Groups that reduce barriers to access with free programs in multiple languages are extra important, especially when they bring community members together, Tandon added, calling Toros a model for that approach.
“Every person deserves access to physical activities and outdoor recreation,” Tandon said. “Biking is also a lifelong skill for eco-friendly transportation.”
One section of the Burien parking lot is painted like a miniature city block, so the kids can practice biking safely up and down a pretend street. Rios teaches them how to signal turns with their arms and how to dismount at busy intersections. His daughters, 17-year-old Leslie and 12-year-old Tonantzin, lend a hand.
Parents stay during the class and some join in, Rios said, mentioning a mother and daughter who recently learned how to ride at the same time.
Fernando Reyes couldn’t persuade his son to get on a bike until they enrolled in the Toros class. Liam, 8, is a cautious kid and stubborn. Now he’s riding.
“We had to bribe him to come here with candies or doughnuts,” the dad said, as Liam zoomed by. “But the whole environment, seeing the other kids trying, something made him feel he could do it.

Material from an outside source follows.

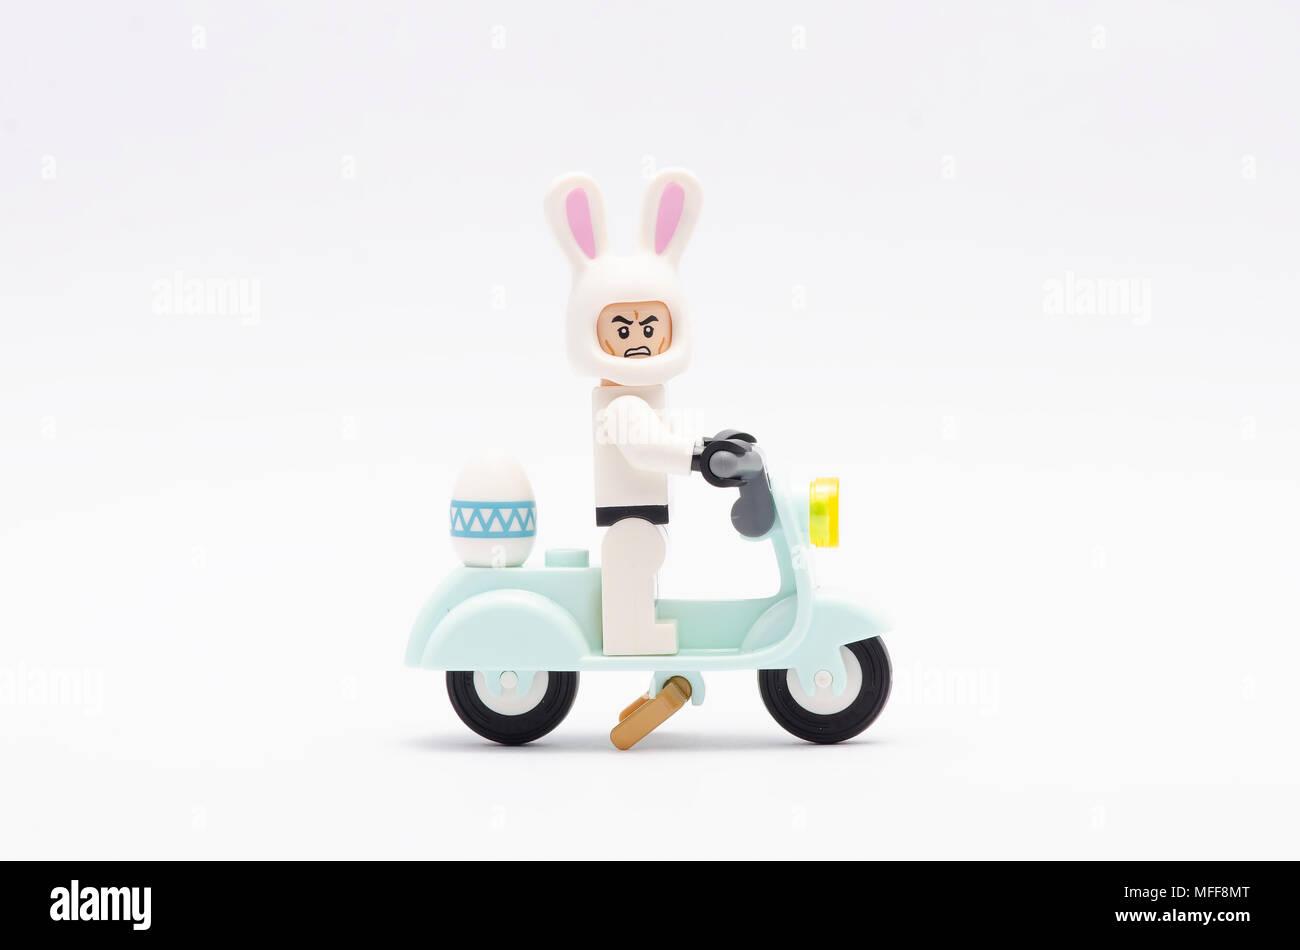 Happy Easter Bunny Cartoon Isolated Stockfotos & Happy Easter Bunny ...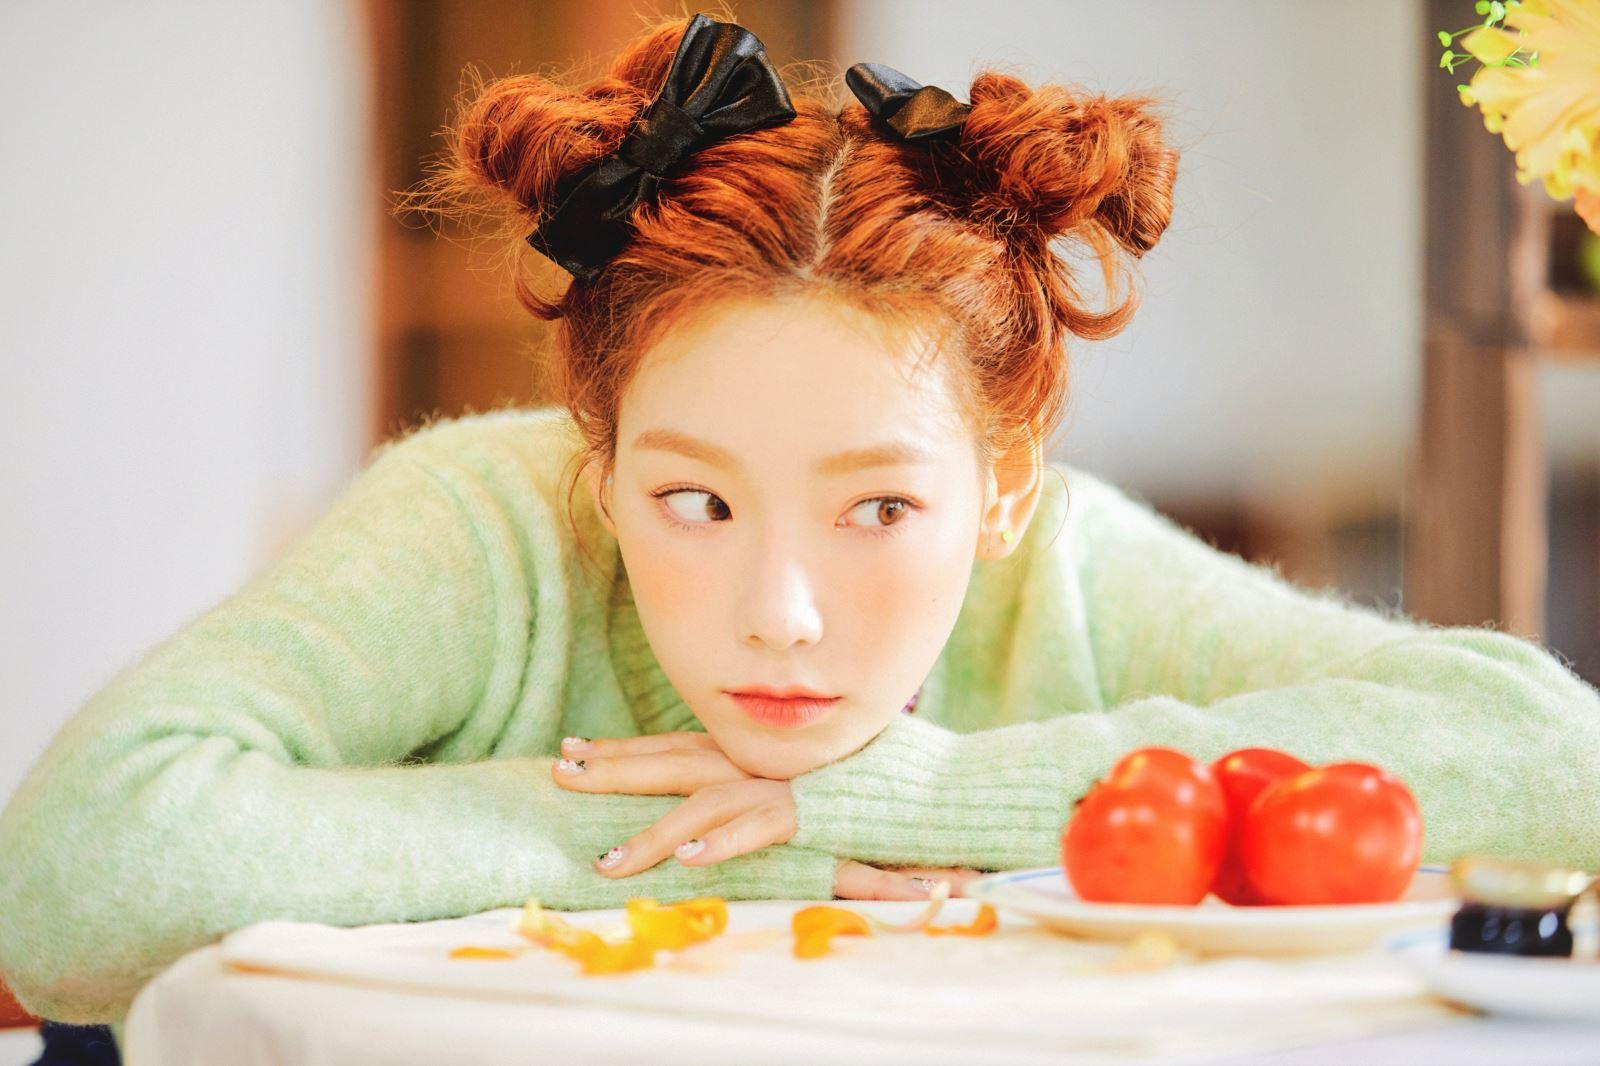 Taeyeon (SNSD), đĩa đơn HAPPY của Taeyeon, SNSD, bố Taeyeon qua đời

It’s an achievement for him and us.”
Racing team
On a cloudy Thursday this month, kids in angular helmets rested their bikes against the starting gate at the BMX track in North SeaTac Park.
They tensed their muscles and pointed their eyes downhill, waiting under a sign with the track’s slogan: “Welcome to SeaTac. It’s time to fly.”
Loudspeakers blared a punk rock song. Parents shouted advice and cheered. Then the teal gate dropped down and the bikes leapt forward. The riders pedaled hard, bouncing over bumps and coasting through curves.
This was the scene that captivated 12-year-old Francisco Aparicio when he first visited the park a couple years ago. Although Francisco wanted to participate, he wasn’t sure how. His mom, Veronica Perez, asked around.
“Then I found Mr. David,” Perez recalled. “He said, ‘We have a team.’ ”
Rather than recruit the track’s most promising racers, Rios invites novice riders like Francisco to join the Toros. Each new member gets a green and black jersey with the club’s red logo on the chest and a flag on the sleeve.
The flags represent their backgrounds and include Honduras, El Salvador, Colombia, the U.S., China and Japan. Francisco wears a Mexican flag.
“To support my culture and my heritage while I’m racing,” he said at the SeaTac track after winning a race against other 12-year-olds this month.
The bright shirts are important, Rios said, because they cultivate belonging.
“Some people underestimate the power of a jersey, but that jersey makes a kid feel like they’re part of something,” he said. “Part of a group.”
Each September, the club hosts a Mexican Independence Day celebration with racing, tacos, horchata and piñatas. It’s also a fundraiser for the Toros.
The club’s inclusive ethos is what attracted Jenny Liou and her kids. They wear Chinese flags on their sleeves, said Liou, from Tacoma.
“It’s all about openness,” added Sennet Curtis, whose kids wear U.S. flags.
On Sundays, Rios leads the Toros on mountain bike excursions to places like Issaquah’s Tiger Mountain, leaving the hubbub of city life behind to ride quiet, wooded trails.
There’s an early morning group for adults and a midday group for families. Rios doesn’t get much time to rest, and that’s OK.
“I enjoy it so much,” he said. “I can ride bikes all day.”